O que muda no cálculo?

Como é hoje

Hoje, para se aposentar por idade, o INSS calcula a média com os 80% maiores salários de contribuição desde julho de 1994. Depois de feito esse cálculo, utiliza 70% da média mais 1% a cada ano de contribuição para compor o salário de benefício. Como é preciso contribuir por no mínimo 15 anos para ter direito a se aposentar por idade, o segurado recebe ao menos 85% da média.

Confira a relação tempo de contribuição e média salarial:

Quem comprovar 15 anos de contribuição recebe 85% da média salarial

  • 16 anos de contribuição: 86%
  • 17 anos de contribuição: 87%
  • 18 anos de contribuição: 88%
  • 19 anos de contribuição: 89%
  • 20 anos de contribuição: 90%
  • 21 anos de contribuição: 91%
  • 22 anos de contribuição: 92%
  • 23 anos de contribuição: 93%
  • 24 anos de contribuição: 94%
  • 25 anos de contribuição: 95%
  • 26 anos de contribuição: 96%
  • 27 anos de contribuição: 97%
  • 28 anos de contribuição: 98%
  • 29 anos de contribuição: 99%
  • 30 anos de contribuição: 100%

Como vai ficar

Pela proposta da reforma, serão considerados 60% da média salarial de todos os meses trabalhados desde julho de 1994, mais 2% a cada ano que ultrapassar 20 anos de contribuição. A média salarial fica menor, já que não ocorre o descarte das menores contribuições.

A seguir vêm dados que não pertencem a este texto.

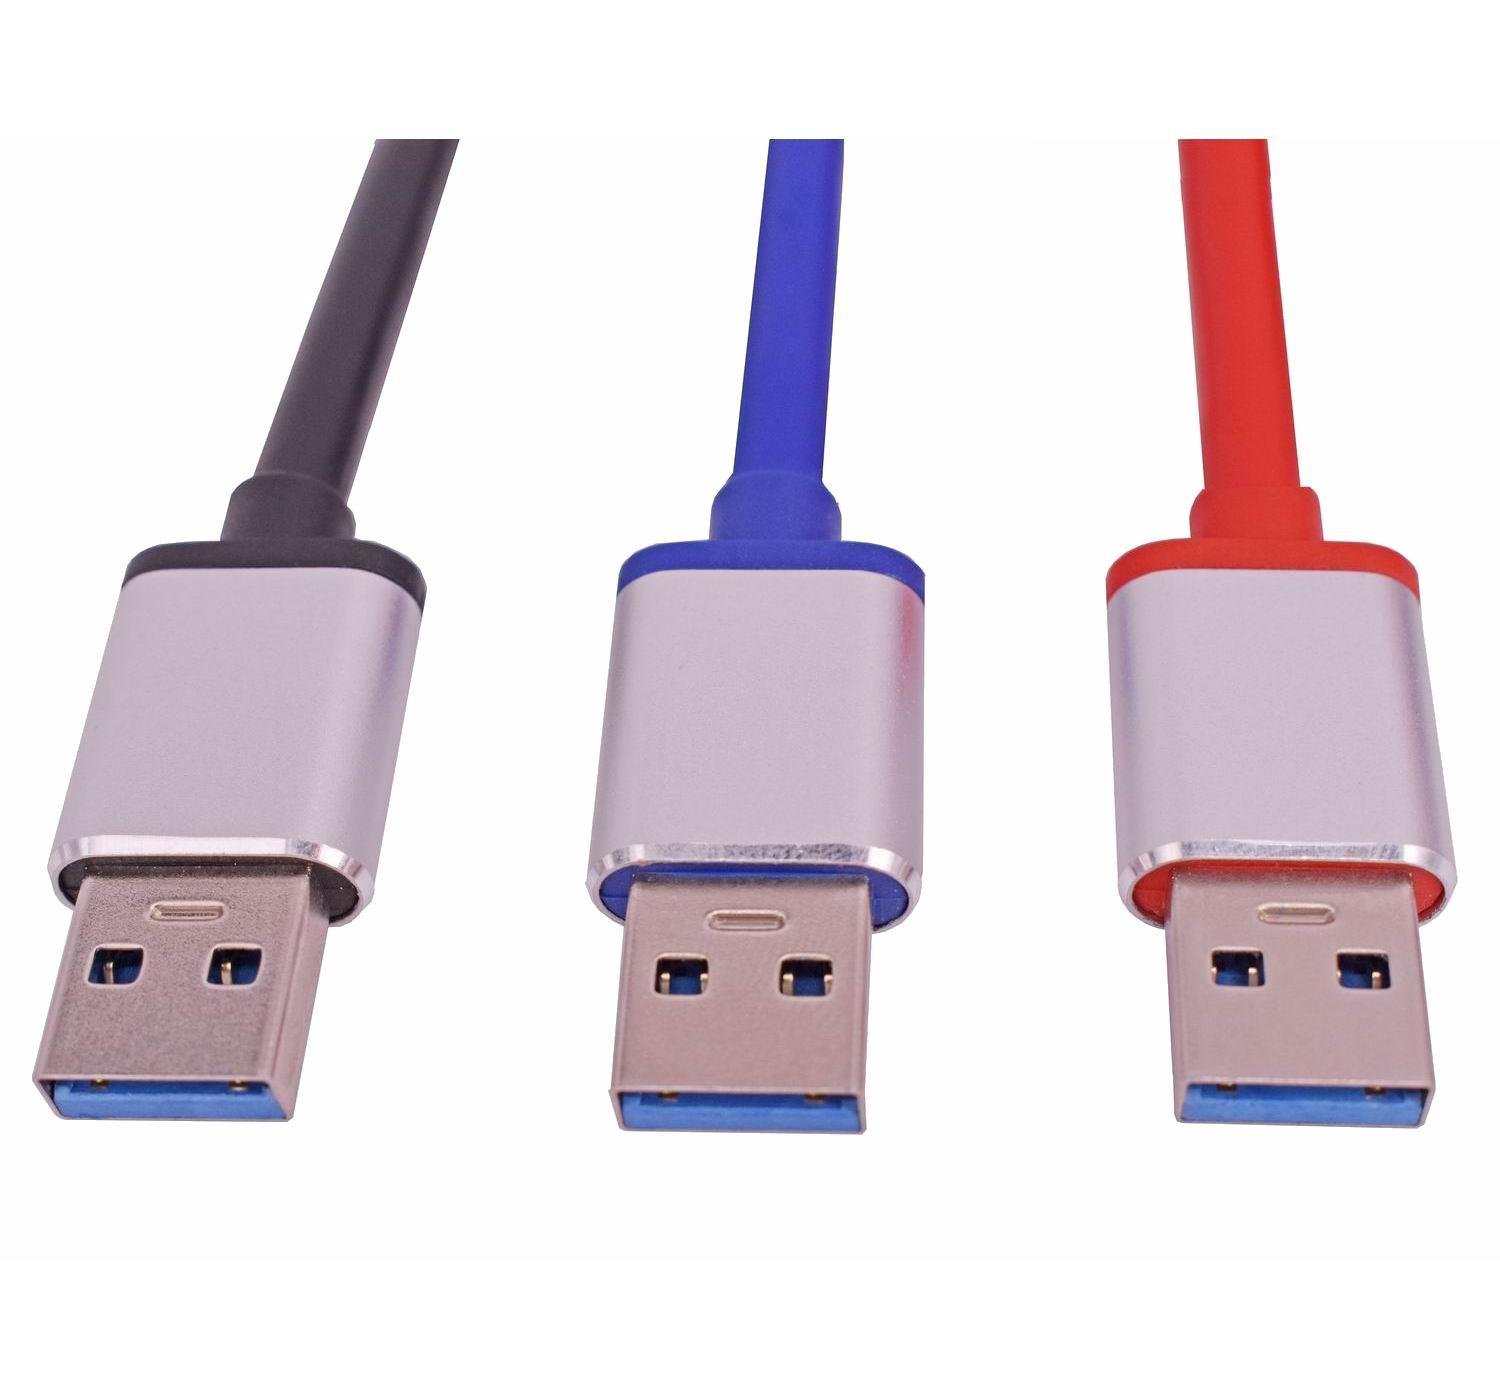 USB3.0 high quality supper speed data cable 4

Para se aposentar com 100% da média salarial, será preciso contribuir por 40 anos.

Confira a relação tempo de contribuição e média salarial:

  • Quem tiver entre 15 e 20 anos de contribuição, recebe 60% da média salarial
  • 21 anos de contribuição: 62% da média salarial
  • 22 anos de contribuição: 64%
  • 23 anos de contribuição: 66%
  • 24 anos de contribuição: 68%
  • 25 anos de contribuição: 70%
  • 26 anos de contribuição: 72%
  • 27 anos de contribuição: 74%
  • 28 anos de contribuição: 76%
  • 29 anos de contribuição: 78%
  • 30 anos de contribuição: 80%
  • 31 anos de contribuição: 82%
  • 32 anos de contribuição: 84%
  • 33 anos de contribuição: 86%
  • 34 anos de contribuição: 88%
  • 35 anos de contribuição: 90%
  • 36 anos de contribuição: 92%
  • 37 anos de contribuição: 94%
  • 38 anos de contribuição: 96%
  • 39 anos de contribuição: 98%
  • 40 anos de contribuição: 100%

Aposentadoria fica menor se aposentar com 20 anos de contribuição

A advogada Adriane Bramante, presidente do Instituto Brasileiro de Direito Previdenciário, dá um exemplo de como ficaria uma aposentadoria pelas novas regras.

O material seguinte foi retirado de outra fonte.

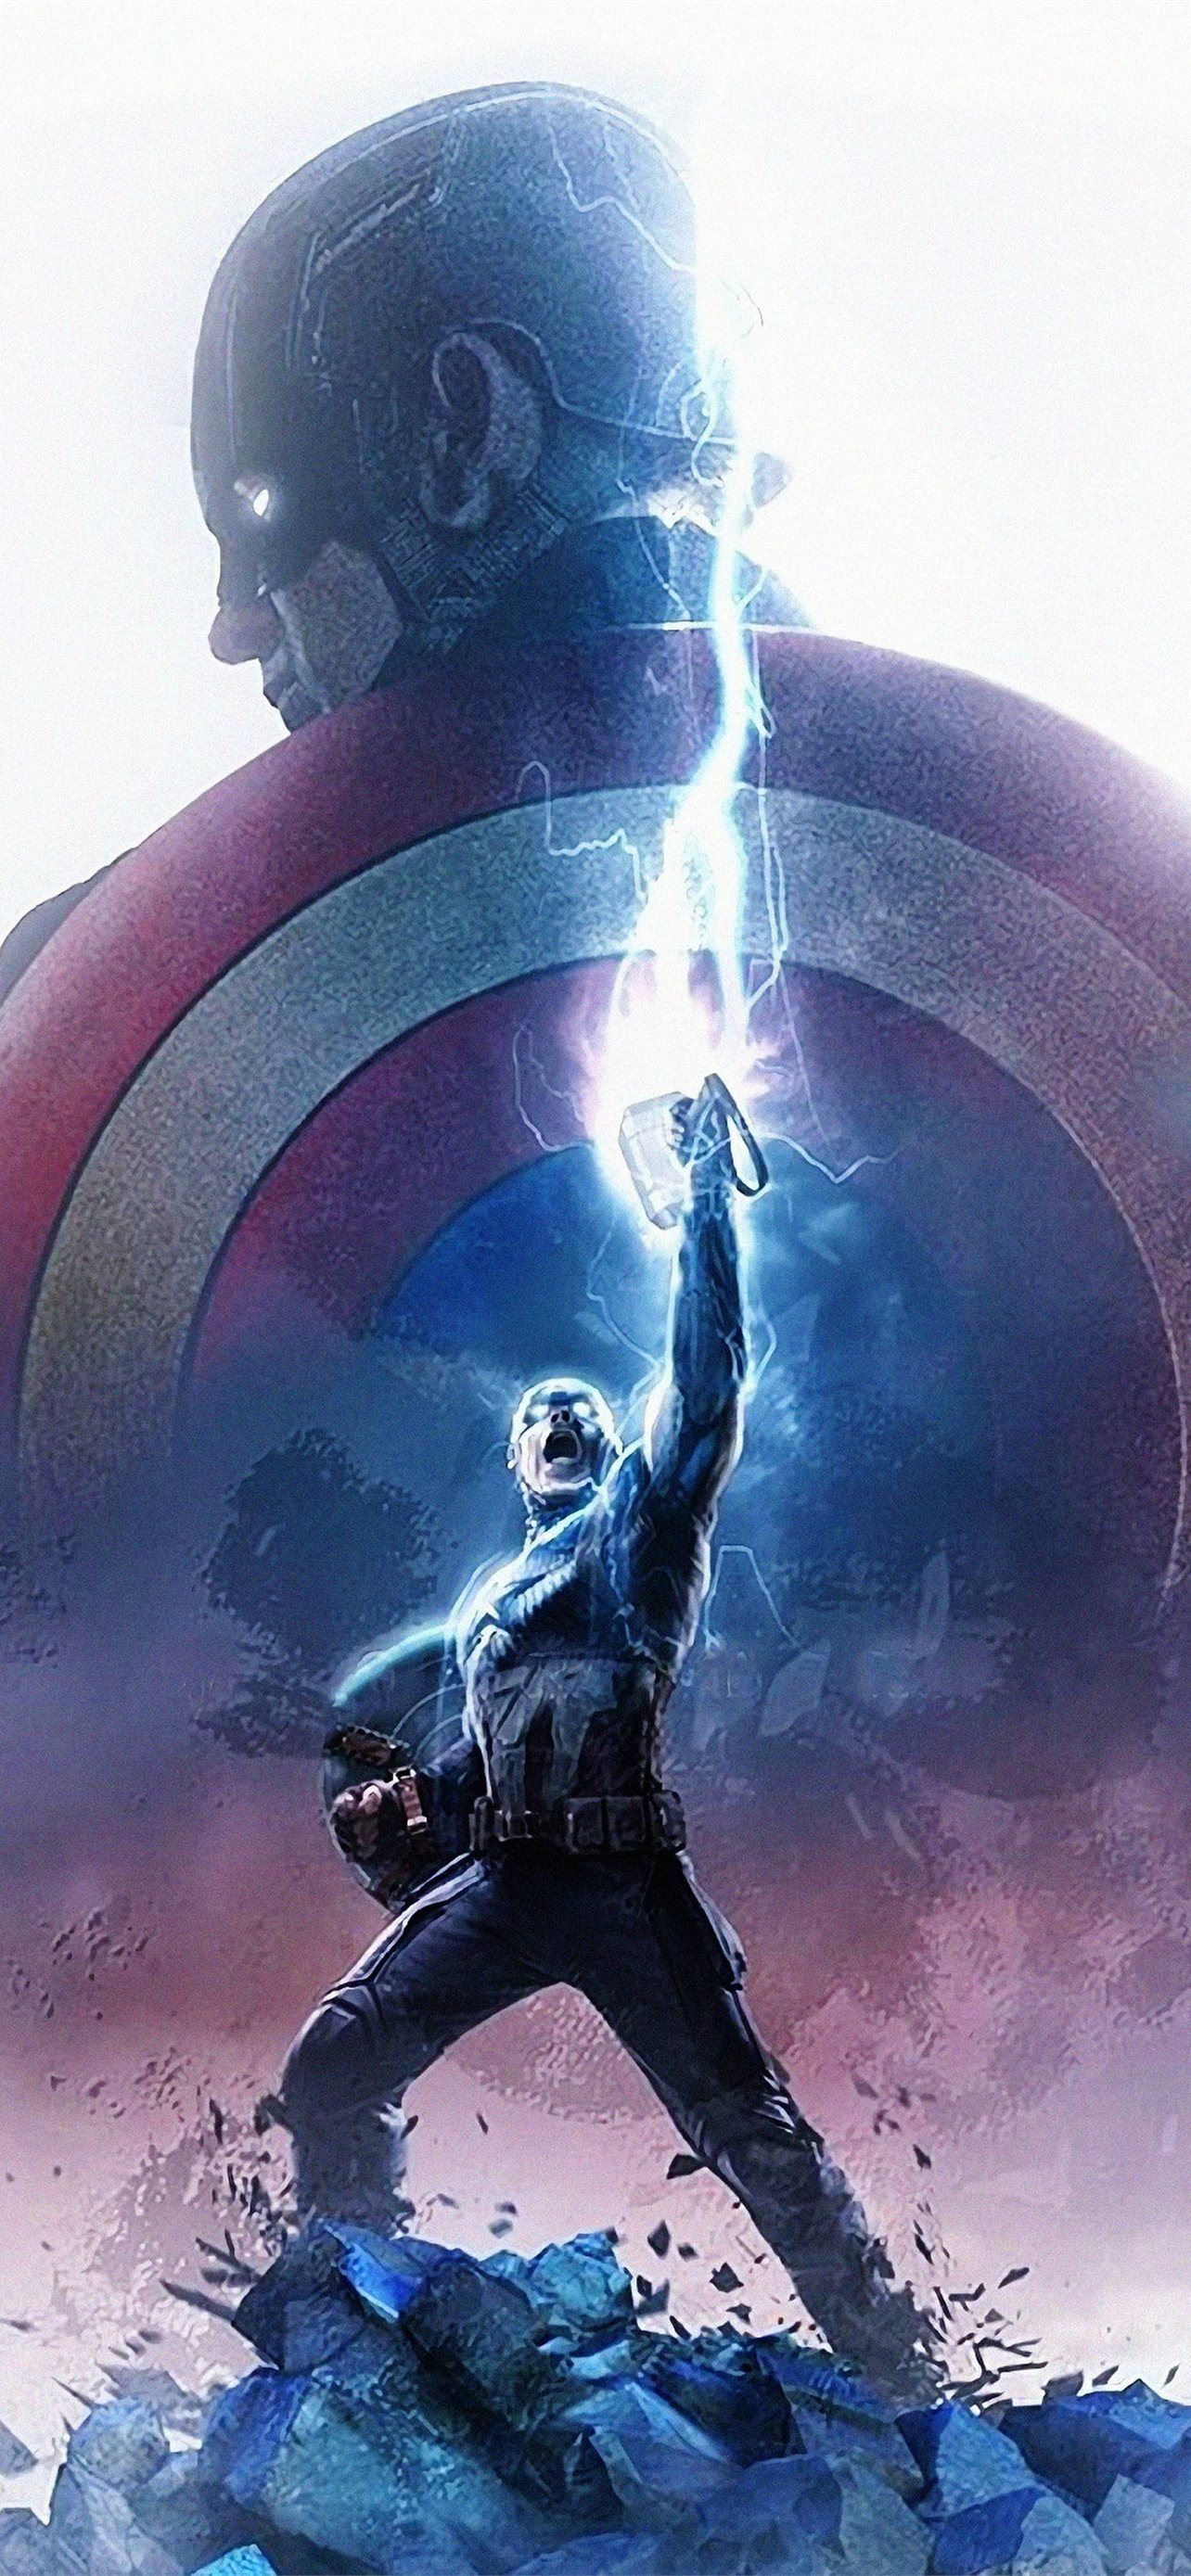 Shield Captain America With Thor'S Hammer Wallpapers

No modelo atual, se o cálculo do benefício desse R$ 2.500, a pessoa se aposentaria com R$ 2.125 — 85% dessa renda (70% mais 1% a cada ano, o que dá 85% da média)

Se a PEC for aprovada com as mudanças propostas, essa mesma pessoa se aposenta com R$ 1.500, o equivalente a 60% da média de R$ 2.500.

“Não estamos falando de beneficiar o pobre ou desprestigiar o rico. Estamos falando de pessoas, de trabalhadores que contribuíram para a Previdência Social e que terão prejuízos efetivos no cálculo dos seus benefícios”, diz.

E quem já tem direito a se aposentar agora?

Para quem já tem o direito a se aposentar agora nada muda. É o chamado direito adquirido. Mesmo que a pessoa não tenha solicitado a aposentadoria caso a reforma seja aprovada, ela poderá fazer a qualquer tempo e ter seus direitos garantidos.